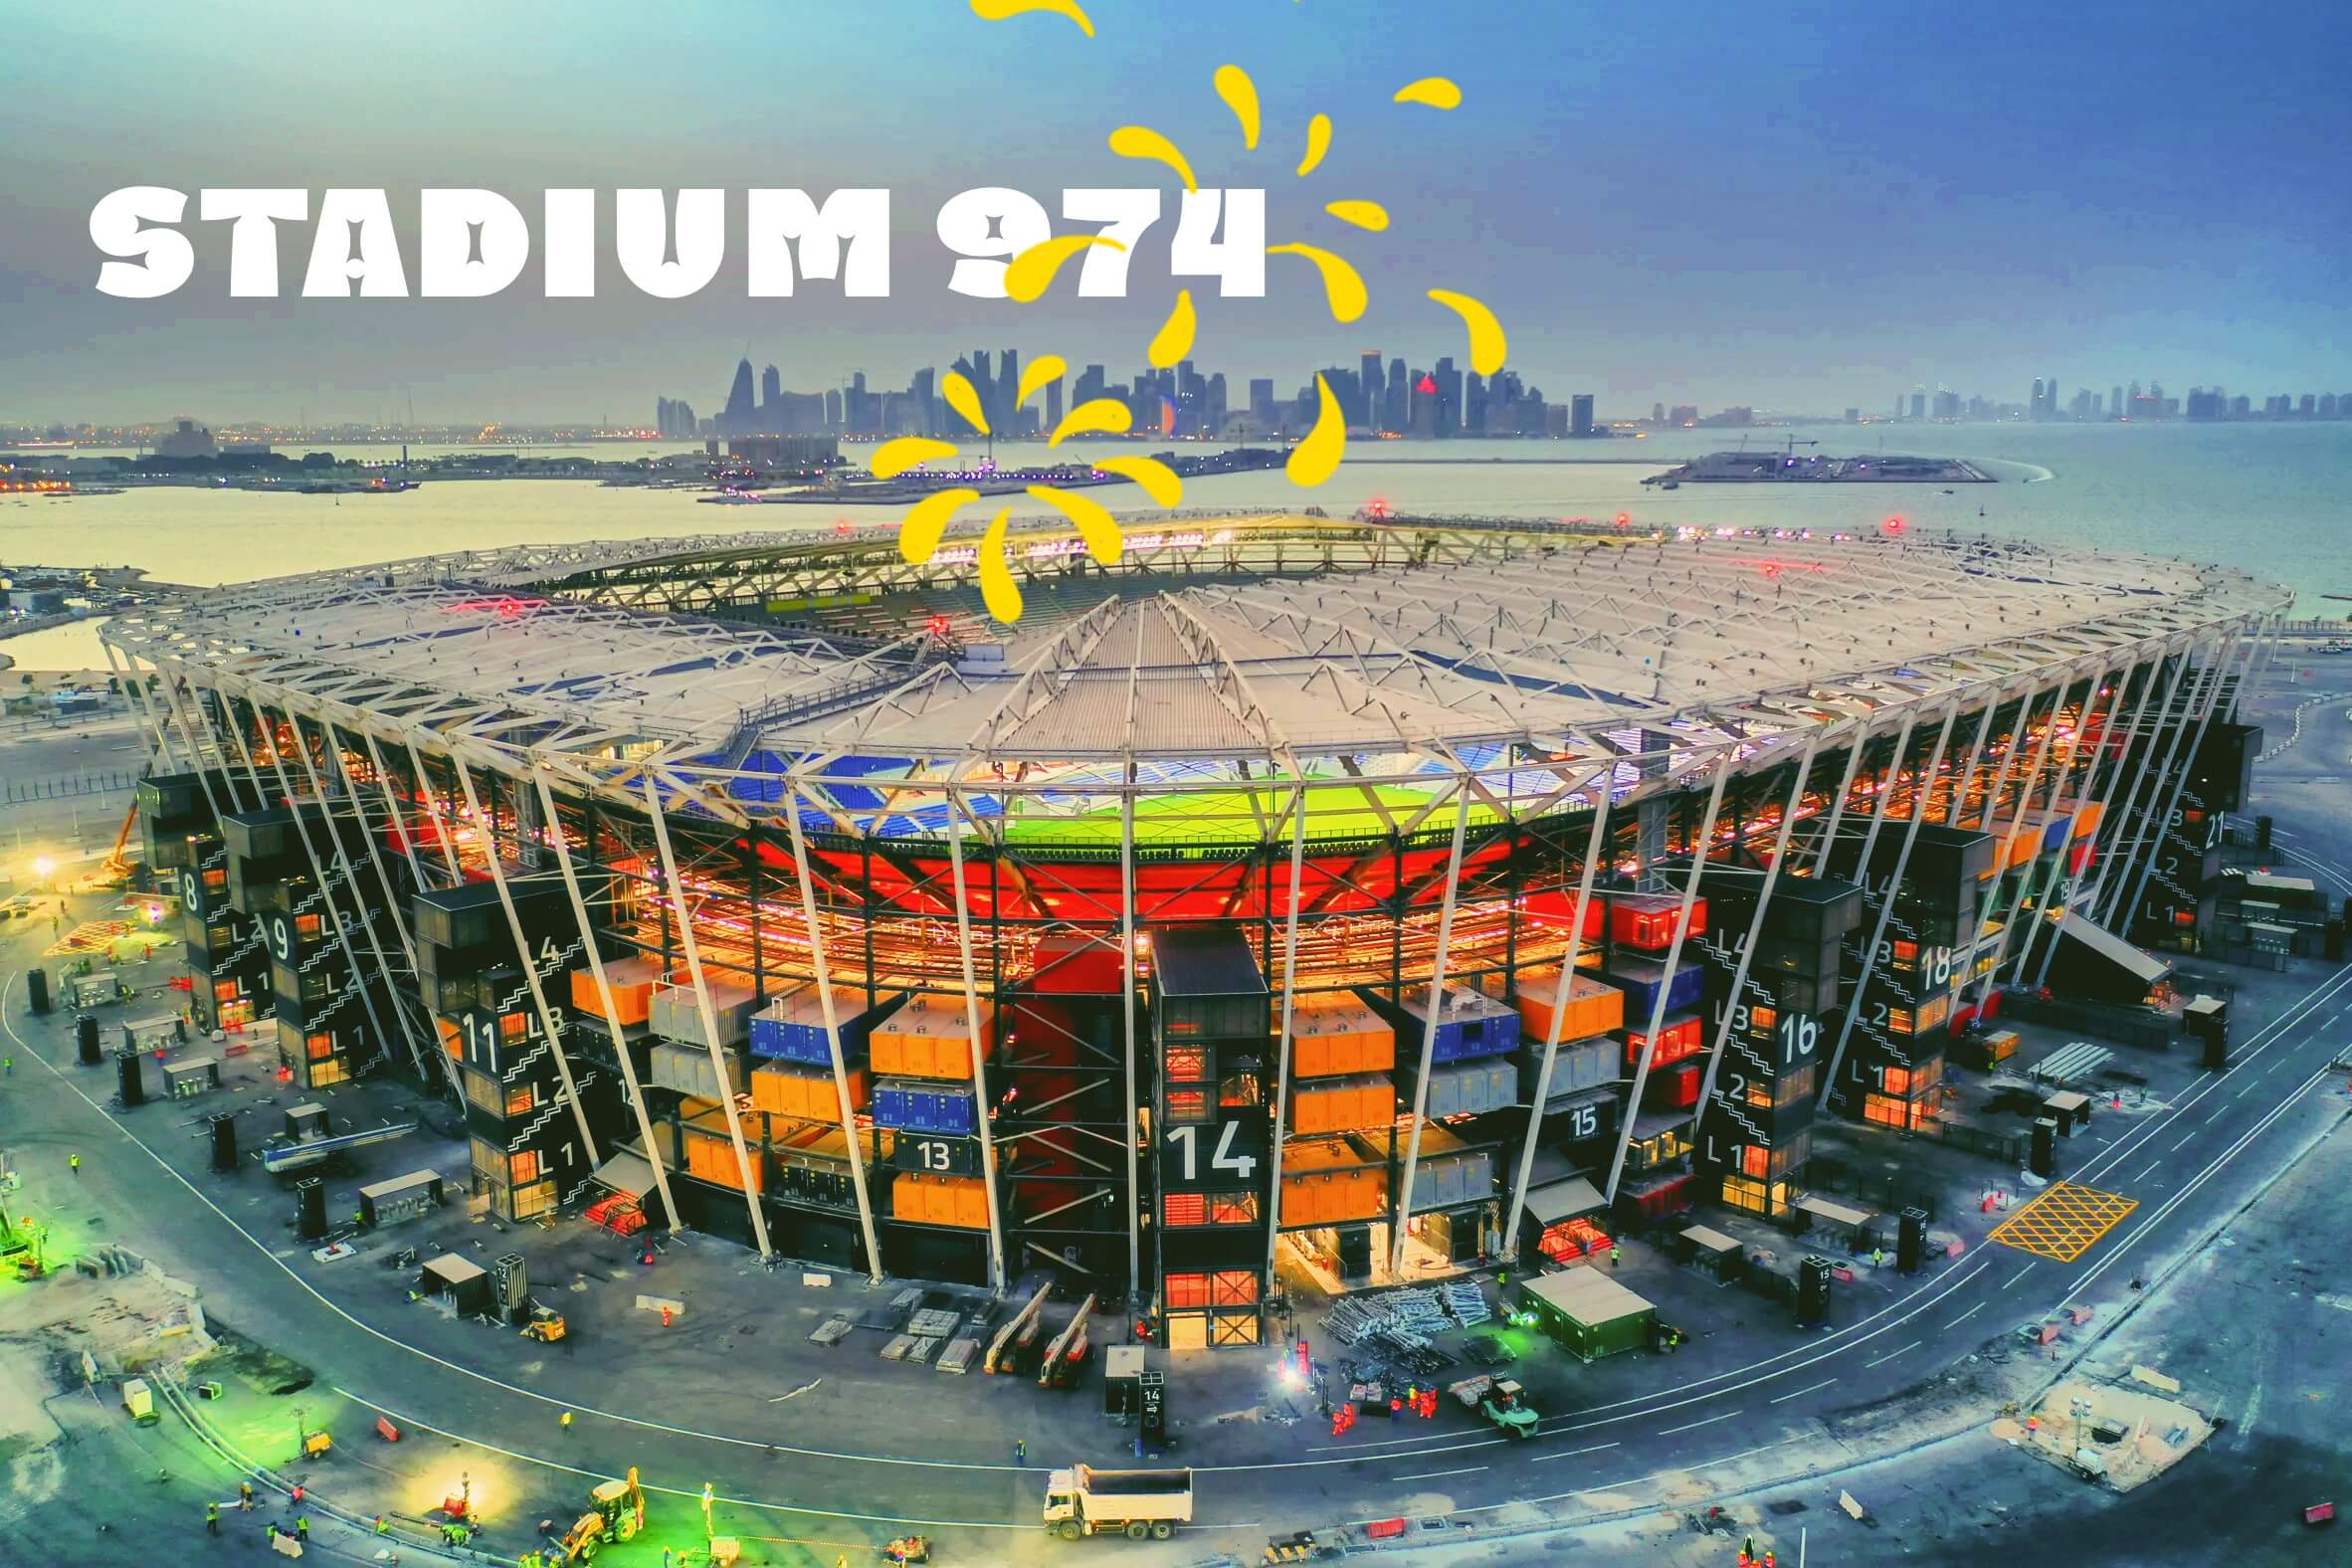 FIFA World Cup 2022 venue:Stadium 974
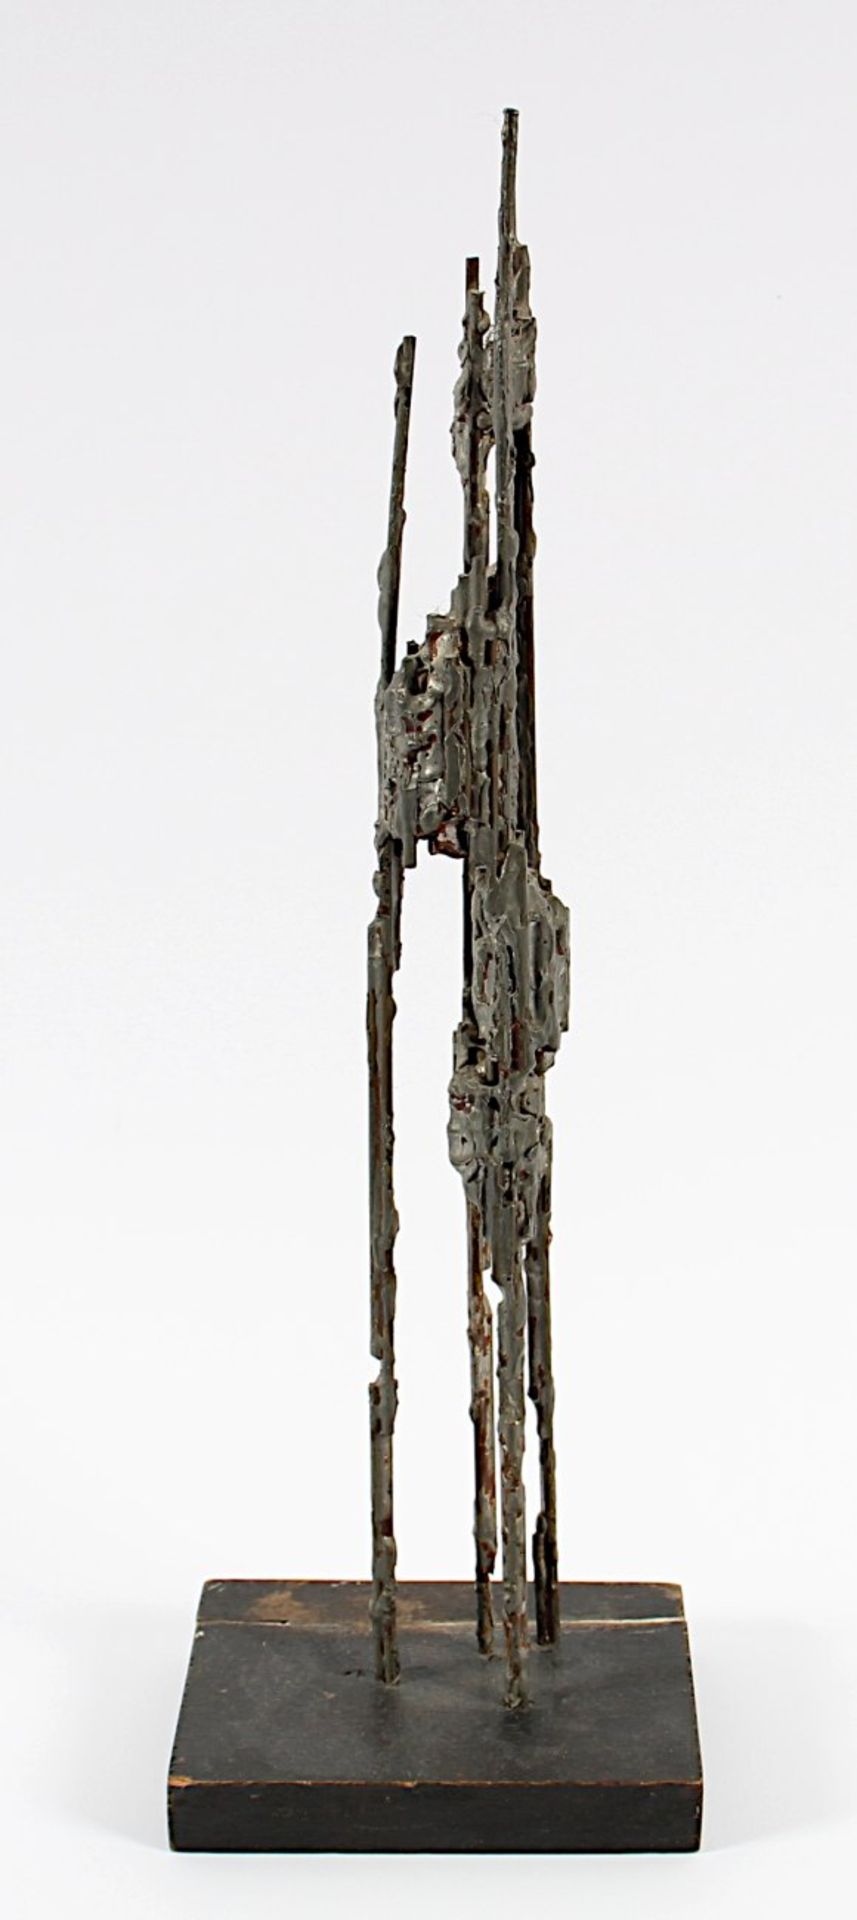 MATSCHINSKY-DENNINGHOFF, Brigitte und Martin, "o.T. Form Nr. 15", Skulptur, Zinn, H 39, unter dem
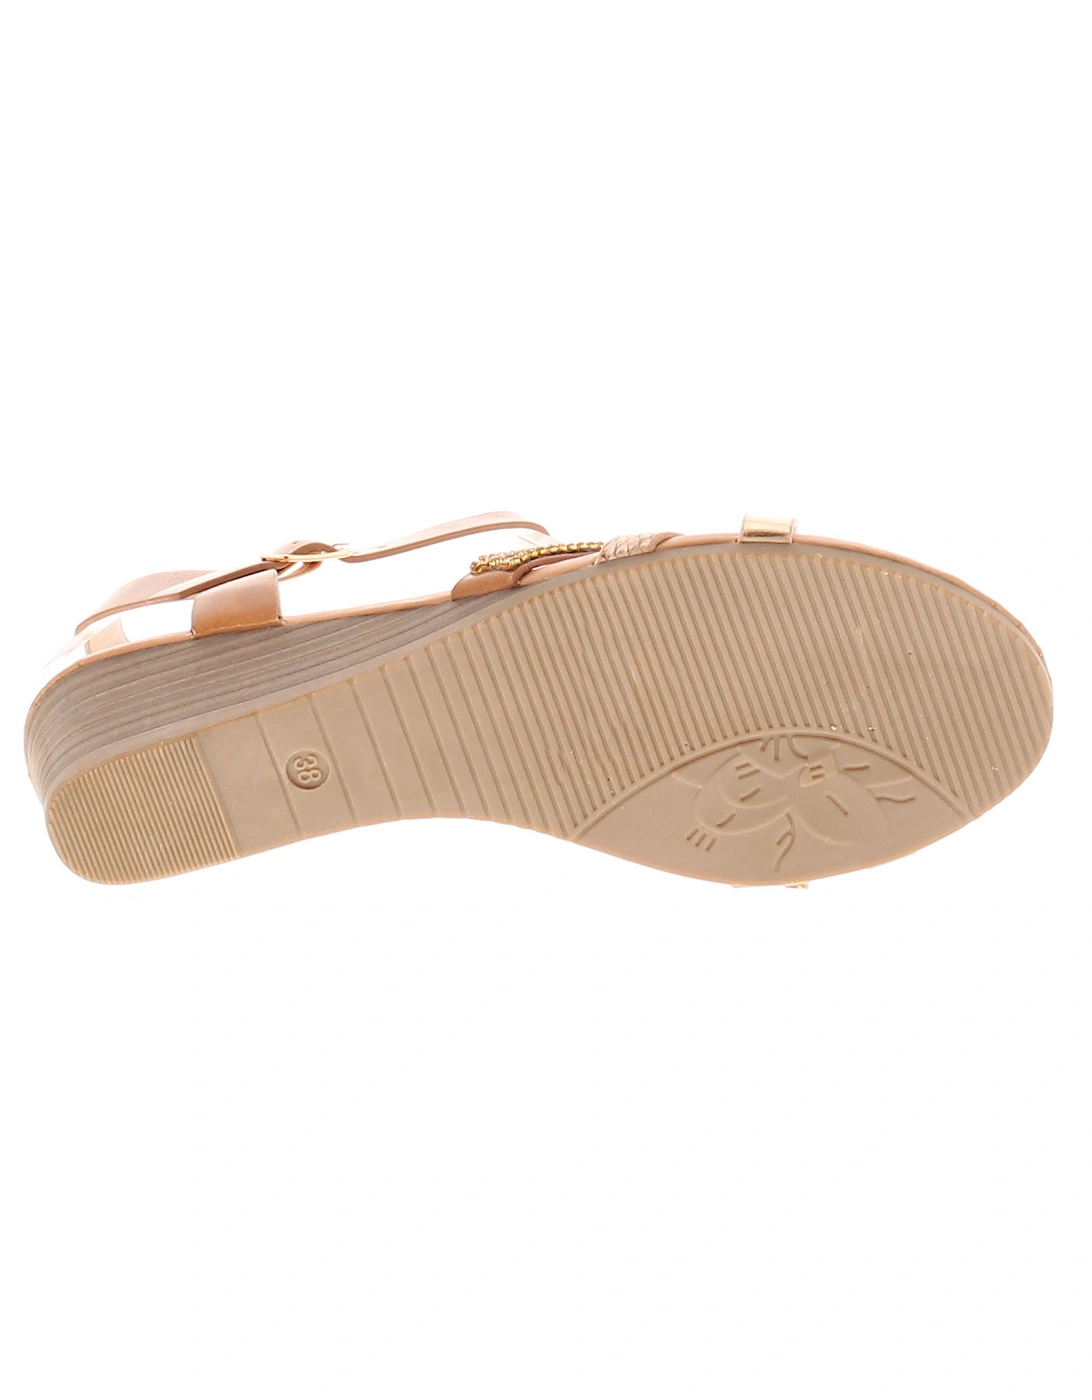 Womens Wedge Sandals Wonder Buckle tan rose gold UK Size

+ + +

▶ **INSTRUCTIONS TO FOLLOW**: Your copy should run from the line that has "MATSCHINSKY-DENNINGHOFF, Brigitte und" through the last line above, exactly, with both ends in and pictures out.

▶ **REPLY**:
 MATSCHINSKY-DENNINGHOFF, Brigitte und Martin, "o.T. Form Nr. 15", Skulptur, Zinn, H 39, unter dem
 Womens Wedge Sandals Wonder Buckle tan rose gold UK Size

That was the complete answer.